In February 2020, the Company entered into a lease for 6,857 square feet (not in thousands) of office space at Sawgrass Technology Park, 1619 NW 136th Avenue in Sunrise, Florida, for a period of 64 months commencing July 1, 2020. Annual rental, maintenance and tax expenses for the facility will be approximately $196 for the first year, increasing by approximately 3% for each subsequent 12-month period.
In March 2021, the Company executed an agreement for the termination of its lease for 8,100 square feet (not in thousands) of office space in Lawrence, Kansas, effective March 31, 2021 and recognized a “Lease Termination” expense of approximately $53. The original term of the lease was through December 31, 2021.

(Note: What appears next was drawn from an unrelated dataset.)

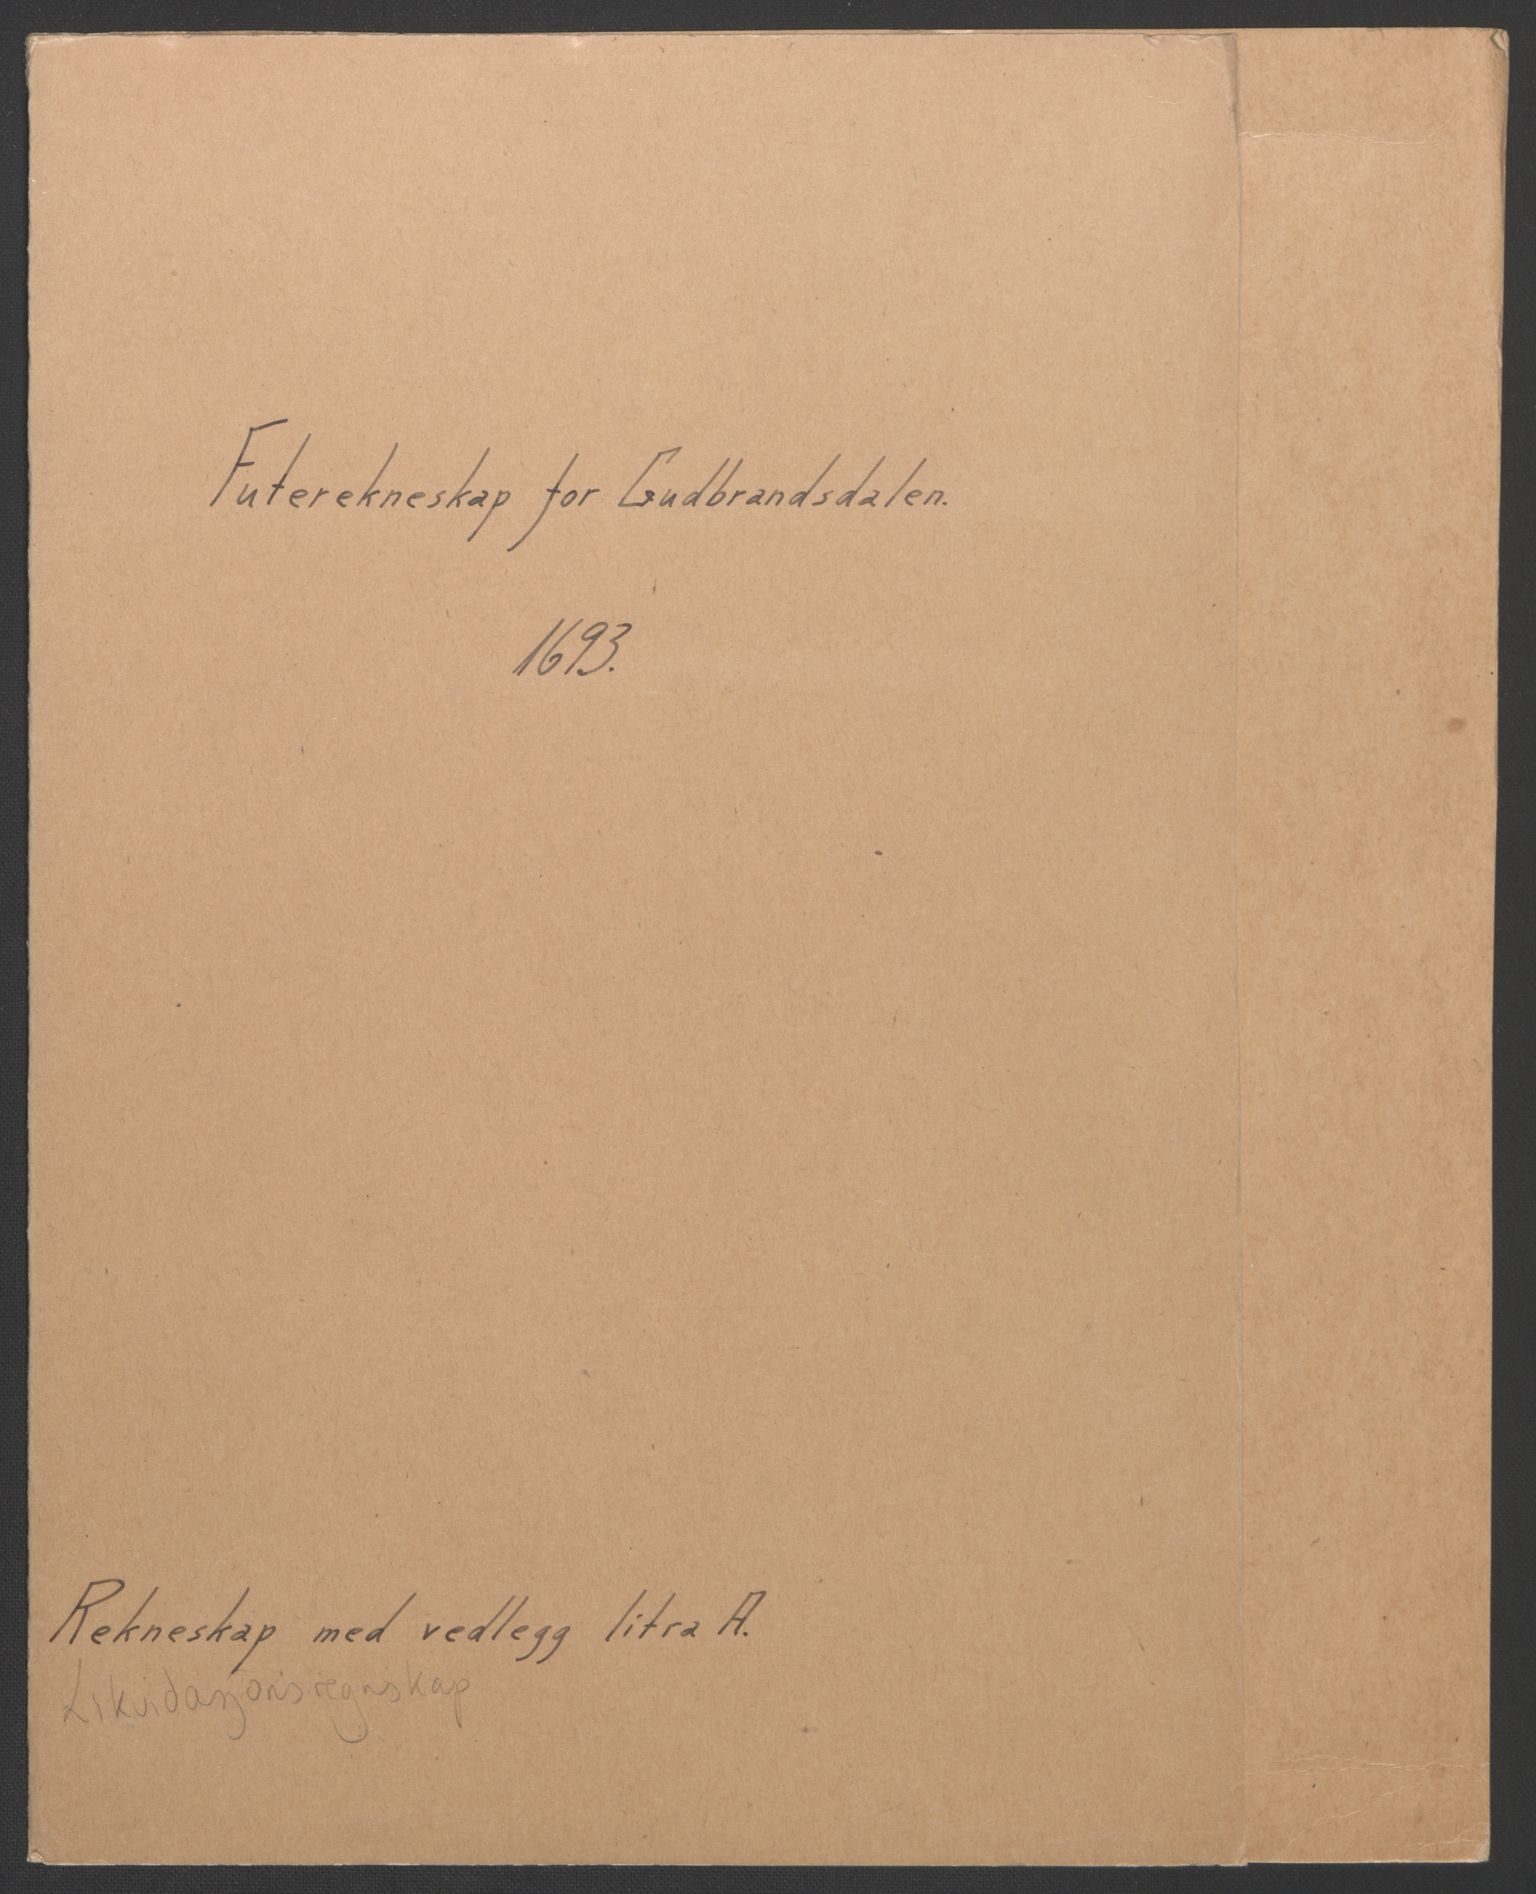 RA, Rentekammeret inntil 1814, Reviderte regnskaper, Fogderegnskap, R17/L1167: Fogderegnskap Gudbrandsdal, 1693, s. 2

Lease costs consisted of the following:
| | Three Months Ended | | | Nine Months Ended | |
| | September 30, 2022 | | | September 30, 2021 | | | September 30, 2022 | | | September 30, 2021 | |
Operating lease cost | | $ | 136 | | | $ | 136 | | | $ | 408 | | | $ | 438 | |
Short-term lease cost | | | — | | | | — | | | | — | | | | — | |
Variable lease cost | | | 33 | | | | 33 | | | | 99 | | | | 98 | |
Total lease cost | | $ | 169 | | | $ | 169 | | | $ | 507 | | | $ | 536 | |
Supplemental cash flow information related to leases was as follows:
| | Three Months Ended | | | Nine Months Ended | |
| | September 30, 2022 | | | September 30, 2021 | | | September 30, 2022 | | | September 30, 2021 | |
Cash paid for amounts included in the measurement of lease liabilities: | | | | | | | | | | | | |
Operating cash flows (fixed payments) | | $ | 147 | | | $ | 143 | | | $ | 435 | | | $ | 495 | |
Operating cash flows (liability reduction) | | $ | 114 | | | $ | 104 | | | $ | 331 | | | $ | 375 | |
| | | | | | | | | | | | | | | | |
ROU assets obtained in exchange for lease obligations: | | | | | | | | | | | | | | | | |
Operating leases | | $ | — | | | $ | — | | | $ | — | | | $ | 14 | |
Other information related to operating leases was as follows:
| | September 30, 2022 | |
Weighted average remaining lease term (in years) | | | 4.46 | |
Weighted average discount rate | | | 5.50 | % |
Maturity of lease liabilities as of September 30, 2022, were as follows:
| | September 30, 2022 | |
Remaining three months of 2022 | | $ | 148 | |
2023 | | | 595 | |
2024 | | | 608 | |
2025 | | | 618 | |
2026 | | | 479 | |
Thereafter | | | 242 | |
Total payments | | | 2,690 | |
Less: imputed interest | | | (305 | ) |
Total present value of lease liability | | $ | 2,385 | |
13. Subsequent events
On October 27, 2022, the Company entered into a Letter of Intent (the “LOI”) with Alterna Capital Solutions, LLC for a one-year Line of Credit with total maximum funding up to $15 million, with an interest rate of Prime plus 1.85% and other monthly administrative fees. The proposed line of credit would be an accounts receivable and inventory financing facility, with the borrowing base of up to 85% of eligible accounts receivable and up to 75% of net orderly liquidation value of inventory, not to exceed 100% of eligible accounts receivable. The Company plans to use the funds obtained from the Line of Credit to replace the existing JPMorgan Chase Bank Line of Credit agreement described in Footnote 11 of these condensed consolidated financial statements and for working capital for the business. The Company cannot guarantee that the transaction contemplated by the LOI will be consummated on the terms proposed in the LOI as described above, if at all.